======== DATASET EXCERPTS

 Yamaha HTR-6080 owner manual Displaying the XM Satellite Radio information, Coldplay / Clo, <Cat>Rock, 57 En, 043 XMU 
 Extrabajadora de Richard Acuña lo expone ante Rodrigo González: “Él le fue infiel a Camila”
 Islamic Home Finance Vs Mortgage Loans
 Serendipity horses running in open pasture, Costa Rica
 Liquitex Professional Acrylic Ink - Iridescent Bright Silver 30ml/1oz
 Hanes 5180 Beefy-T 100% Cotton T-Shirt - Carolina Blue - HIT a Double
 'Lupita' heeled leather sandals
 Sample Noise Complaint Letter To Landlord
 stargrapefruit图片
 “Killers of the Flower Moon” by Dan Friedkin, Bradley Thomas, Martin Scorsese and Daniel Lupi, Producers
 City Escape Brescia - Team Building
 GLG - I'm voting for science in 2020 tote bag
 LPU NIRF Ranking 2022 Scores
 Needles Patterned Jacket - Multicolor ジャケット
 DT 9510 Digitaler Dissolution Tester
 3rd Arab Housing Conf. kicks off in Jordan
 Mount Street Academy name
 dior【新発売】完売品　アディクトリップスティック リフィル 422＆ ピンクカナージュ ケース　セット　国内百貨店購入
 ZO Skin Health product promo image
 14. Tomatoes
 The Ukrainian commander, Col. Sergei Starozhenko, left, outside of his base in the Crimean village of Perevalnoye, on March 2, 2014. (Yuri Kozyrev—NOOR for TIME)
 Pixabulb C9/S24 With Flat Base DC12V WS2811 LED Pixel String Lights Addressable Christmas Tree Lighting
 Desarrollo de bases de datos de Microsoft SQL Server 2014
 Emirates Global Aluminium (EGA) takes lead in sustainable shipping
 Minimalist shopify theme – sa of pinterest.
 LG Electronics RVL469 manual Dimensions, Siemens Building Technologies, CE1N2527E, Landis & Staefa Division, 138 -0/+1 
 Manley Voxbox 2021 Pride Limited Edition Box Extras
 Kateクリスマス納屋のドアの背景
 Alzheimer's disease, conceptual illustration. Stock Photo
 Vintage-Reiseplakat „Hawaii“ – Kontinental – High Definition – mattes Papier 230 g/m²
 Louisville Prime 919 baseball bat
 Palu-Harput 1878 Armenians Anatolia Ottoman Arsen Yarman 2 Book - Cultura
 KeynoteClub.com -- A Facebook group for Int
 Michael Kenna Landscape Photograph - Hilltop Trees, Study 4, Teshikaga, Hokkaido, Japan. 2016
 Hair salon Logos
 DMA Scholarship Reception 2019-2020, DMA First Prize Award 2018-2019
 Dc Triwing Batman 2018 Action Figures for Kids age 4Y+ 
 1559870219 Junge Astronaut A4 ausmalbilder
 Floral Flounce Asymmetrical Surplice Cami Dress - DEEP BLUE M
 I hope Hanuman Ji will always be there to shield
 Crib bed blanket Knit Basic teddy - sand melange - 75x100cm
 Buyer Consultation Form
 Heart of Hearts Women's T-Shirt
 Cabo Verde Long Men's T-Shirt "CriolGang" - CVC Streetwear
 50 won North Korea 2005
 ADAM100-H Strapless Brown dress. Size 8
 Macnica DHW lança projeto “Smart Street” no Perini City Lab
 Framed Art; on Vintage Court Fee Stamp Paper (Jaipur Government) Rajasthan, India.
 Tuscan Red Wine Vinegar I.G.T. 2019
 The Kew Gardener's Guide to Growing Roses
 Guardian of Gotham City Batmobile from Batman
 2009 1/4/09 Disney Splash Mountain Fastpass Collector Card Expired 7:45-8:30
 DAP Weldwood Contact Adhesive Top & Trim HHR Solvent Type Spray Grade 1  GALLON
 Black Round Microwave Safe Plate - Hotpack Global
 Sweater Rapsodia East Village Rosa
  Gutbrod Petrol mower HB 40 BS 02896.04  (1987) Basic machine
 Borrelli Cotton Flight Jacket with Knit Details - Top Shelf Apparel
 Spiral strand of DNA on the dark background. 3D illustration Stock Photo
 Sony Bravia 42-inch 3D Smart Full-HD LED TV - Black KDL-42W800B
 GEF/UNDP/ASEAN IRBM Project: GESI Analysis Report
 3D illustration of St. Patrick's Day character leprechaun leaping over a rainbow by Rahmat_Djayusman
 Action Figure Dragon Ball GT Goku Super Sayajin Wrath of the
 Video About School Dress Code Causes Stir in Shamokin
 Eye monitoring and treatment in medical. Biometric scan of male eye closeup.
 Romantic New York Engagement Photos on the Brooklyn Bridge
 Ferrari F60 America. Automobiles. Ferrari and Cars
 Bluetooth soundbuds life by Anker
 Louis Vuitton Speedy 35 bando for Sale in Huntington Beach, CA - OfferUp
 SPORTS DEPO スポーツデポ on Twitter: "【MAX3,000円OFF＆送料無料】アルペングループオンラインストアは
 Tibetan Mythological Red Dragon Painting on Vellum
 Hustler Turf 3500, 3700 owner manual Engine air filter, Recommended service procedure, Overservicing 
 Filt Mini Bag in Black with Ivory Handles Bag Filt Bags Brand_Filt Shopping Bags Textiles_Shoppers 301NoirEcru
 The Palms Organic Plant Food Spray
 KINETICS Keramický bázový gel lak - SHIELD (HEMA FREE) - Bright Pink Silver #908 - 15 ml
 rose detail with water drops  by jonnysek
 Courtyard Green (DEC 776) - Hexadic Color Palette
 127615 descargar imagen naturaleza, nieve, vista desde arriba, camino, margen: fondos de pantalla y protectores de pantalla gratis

================

◆ TASK PROMPT ◆
Starting with the line that contains "Cabo Verde Long", return every line through the last one of the records, exactly as written.

◆ ANSWER FOR THE TASK ◆
 Cabo Verde Long Men's T-Shirt "CriolGang" - CVC Streetwear
 50 won North Korea 2005
 ADAM100-H Strapless Brown dress. Size 8
 Macnica DHW lança projeto “Smart Street” no Perini City Lab
 Framed Art; on Vintage Court Fee Stamp Paper (Jaipur Government) Rajasthan, India.
 Tuscan Red Wine Vinegar I.G.T. 2019
 The Kew Gardener's Guide to Growing Roses
 Guardian of Gotham City Batmobile from Batman
 2009 1/4/09 Disney Splash Mountain Fastpass Collector Card Expired 7:45-8:30
 DAP Weldwood Contact Adhesive Top & Trim HHR Solvent Type Spray Grade 1  GALLON
 Black Round Microwave Safe Plate - Hotpack Global
 Sweater Rapsodia East Village Rosa
  Gutbrod Petrol mower HB 40 BS 02896.04  (1987) Basic machine
 Borrelli Cotton Flight Jacket with Knit Details - Top Shelf Apparel
 Spiral strand of DNA on the dark background. 3D illustration Stock Photo
 Sony Bravia 42-inch 3D Smart Full-HD LED TV - Black KDL-42W800B
 GEF/UNDP/ASEAN IRBM Project: GESI Analysis Report
 3D illustration of St. Patrick's Day character leprechaun leaping over a rainbow by Rahmat_Djayusman
 Action Figure Dragon Ball GT Goku Super Sayajin Wrath of the
 Video About School Dress Code Causes Stir in Shamokin
 Eye monitoring and treatment in medical. Biometric scan of male eye closeup.
 Romantic New York Engagement Photos on the Brooklyn Bridge
 Ferrari F60 America. Automobiles. Ferrari and Cars
 Bluetooth soundbuds life by Anker
 Louis Vuitton Speedy 35 bando for Sale in Huntington Beach, CA - OfferUp
 SPORTS DEPO スポーツデポ on Twitter: "【MAX3,000円OFF＆送料無料】アルペングループオンラインストアは
 Tibetan Mythological Red Dragon Painting on Vellum
 Hustler Turf 3500, 3700 owner manual Engine air filter, Recommended service procedure, Overservicing 
 Filt Mini Bag in Black with Ivory Handles Bag Filt Bags Brand_Filt Shopping Bags Textiles_Shoppers 301NoirEcru
 The Palms Organic Plant Food Spray
 KINETICS Keramický bázový gel lak - SHIELD (HEMA FREE) - Bright Pink Silver #908 - 15 ml
 rose detail with water drops  by jonnysek
 Courtyard Green (DEC 776) - Hexadic Color Palette
 127615 descargar imagen naturaleza, nieve, vista desde arriba, camino, margen: fondos de pantalla y protectores de pantalla gratis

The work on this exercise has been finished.